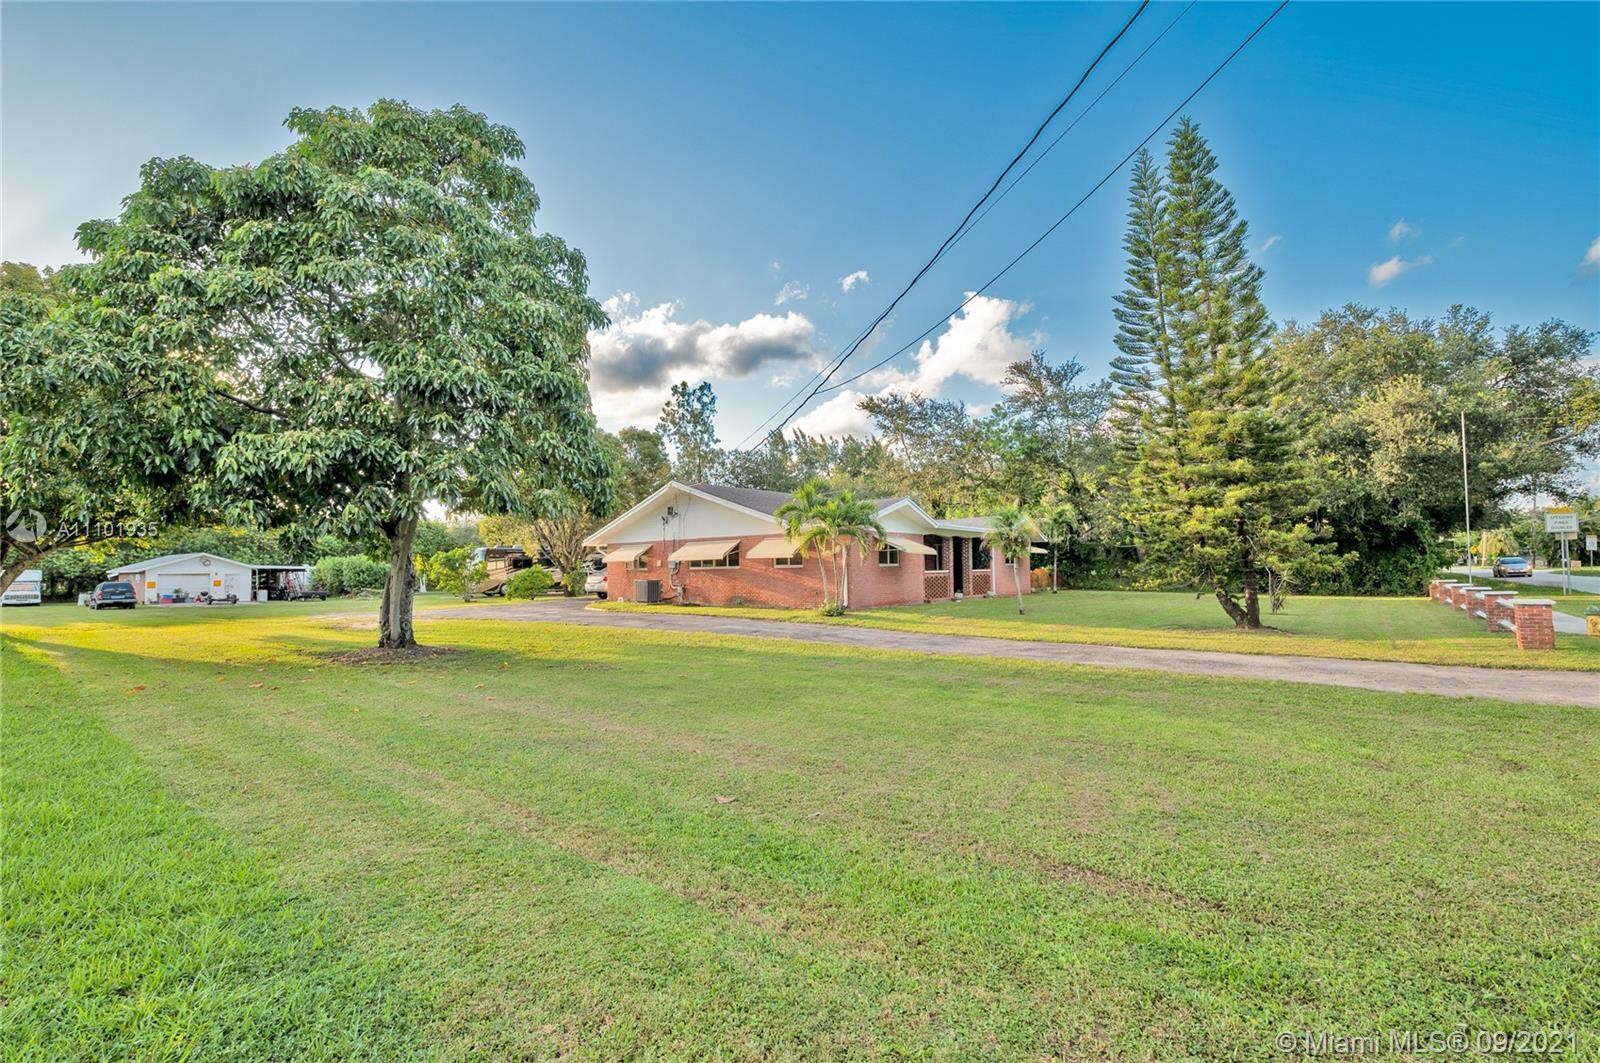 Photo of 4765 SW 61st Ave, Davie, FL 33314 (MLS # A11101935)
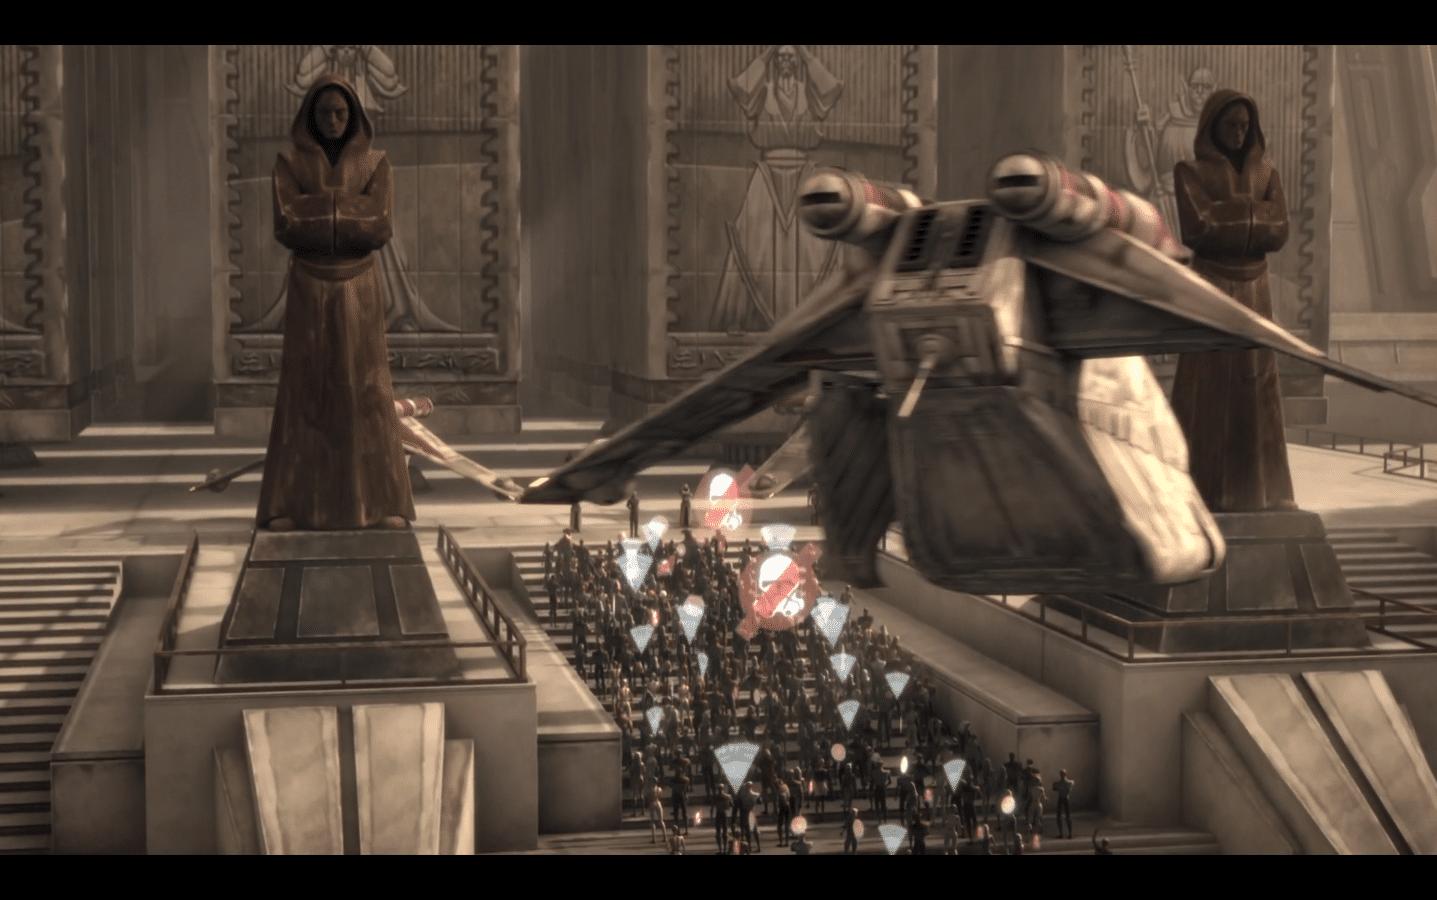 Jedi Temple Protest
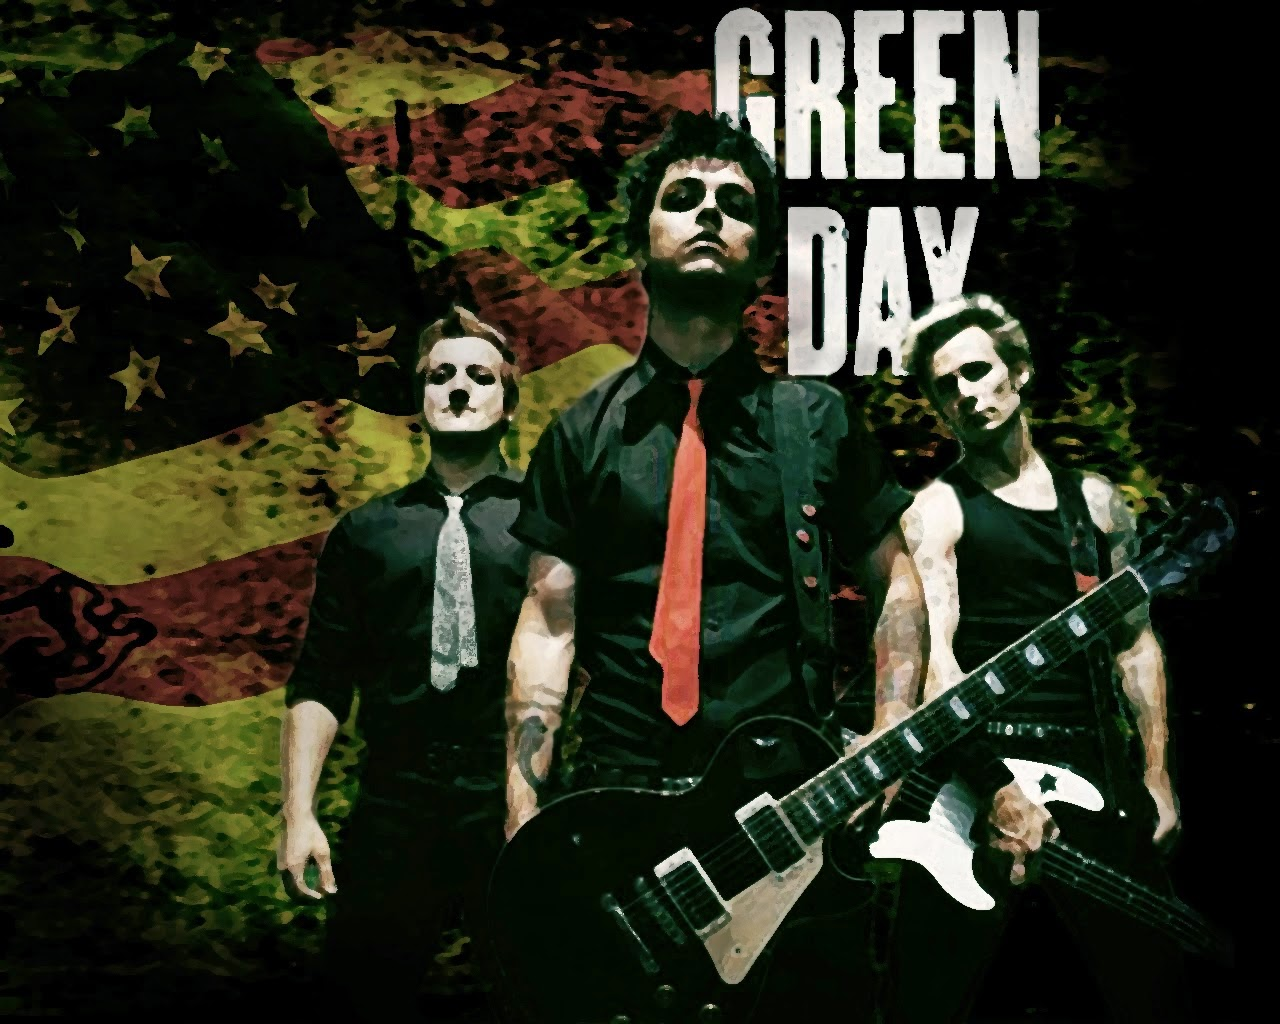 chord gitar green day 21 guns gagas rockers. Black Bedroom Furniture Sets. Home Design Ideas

==

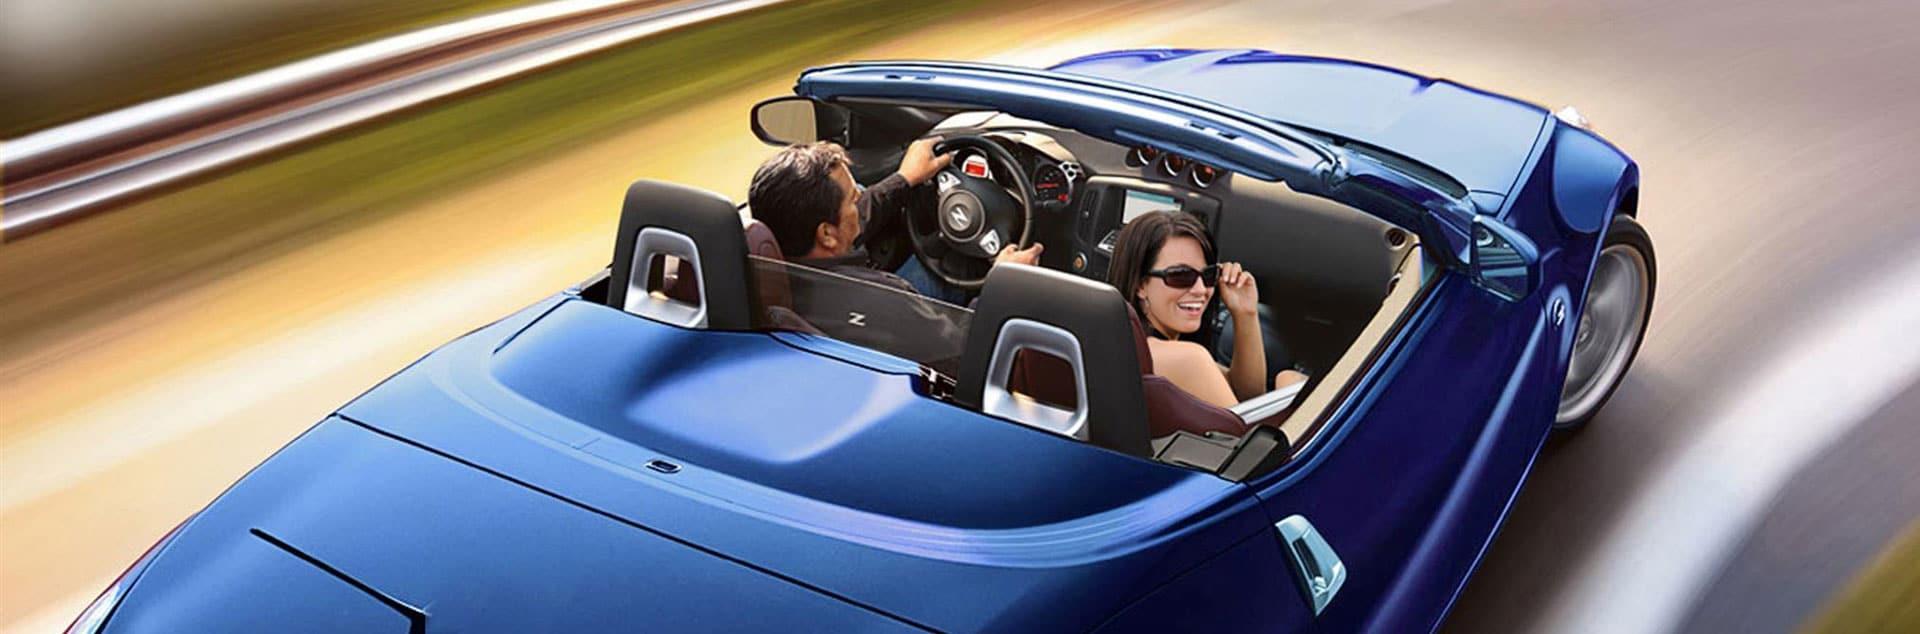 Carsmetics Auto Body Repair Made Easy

...

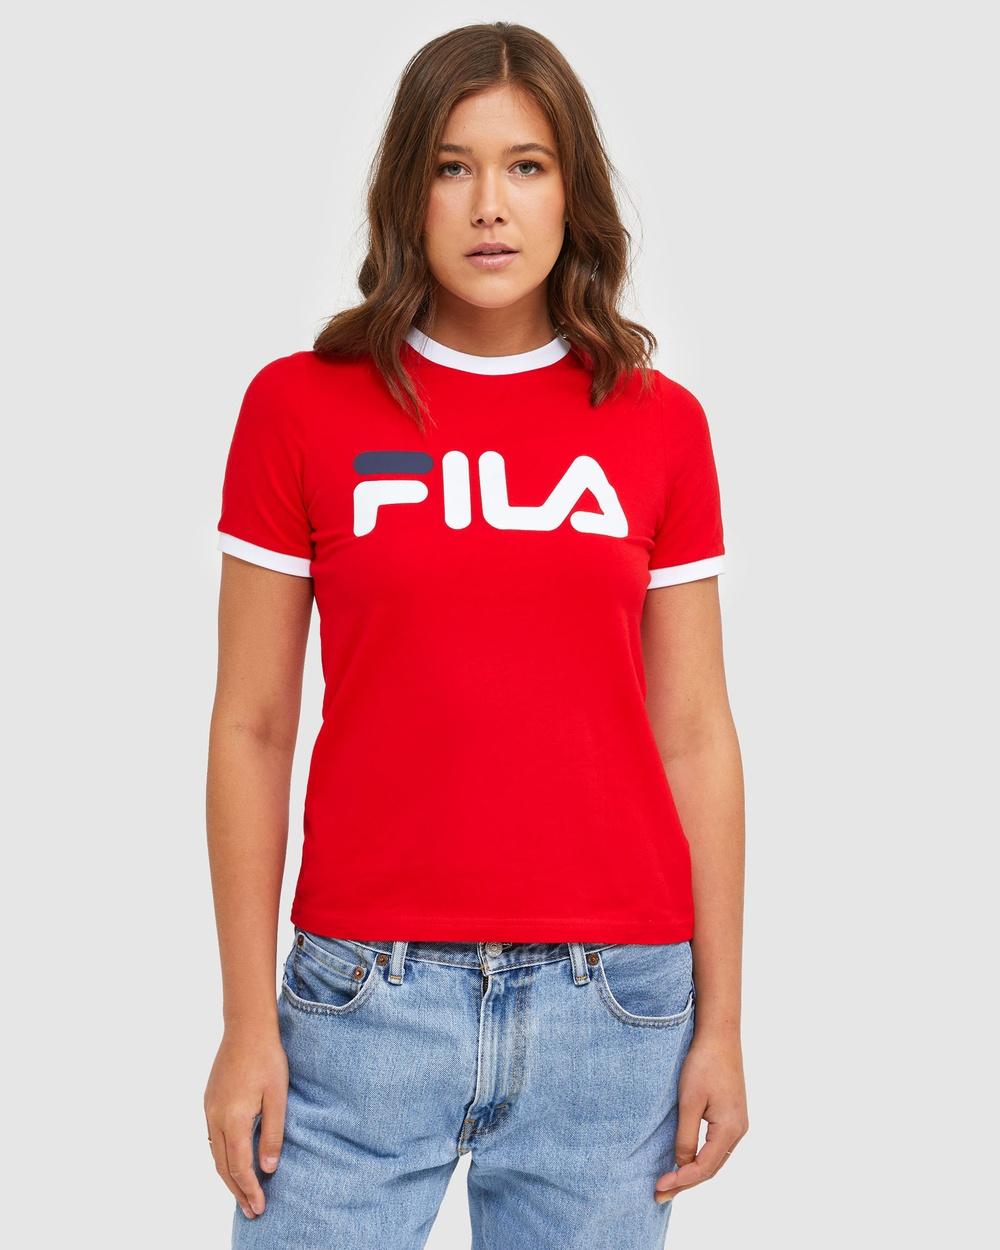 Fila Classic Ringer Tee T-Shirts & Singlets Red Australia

WHAT THE EXERCISE ASKS:
The answer must be the lines above from the one containing "Photo of 4765" through the one containing "chord gitar green", reproduced exactly, with no pictures and nothing else.

EXPECTED ANSWER:
 Photo of 4765 SW 61st Ave, Davie, FL 33314 (MLS # A11101935)
 Jedi Temple Protest
 chord gitar green day 21 guns gagas rockers. Black Bedroom Furniture Sets. Home Design Ideas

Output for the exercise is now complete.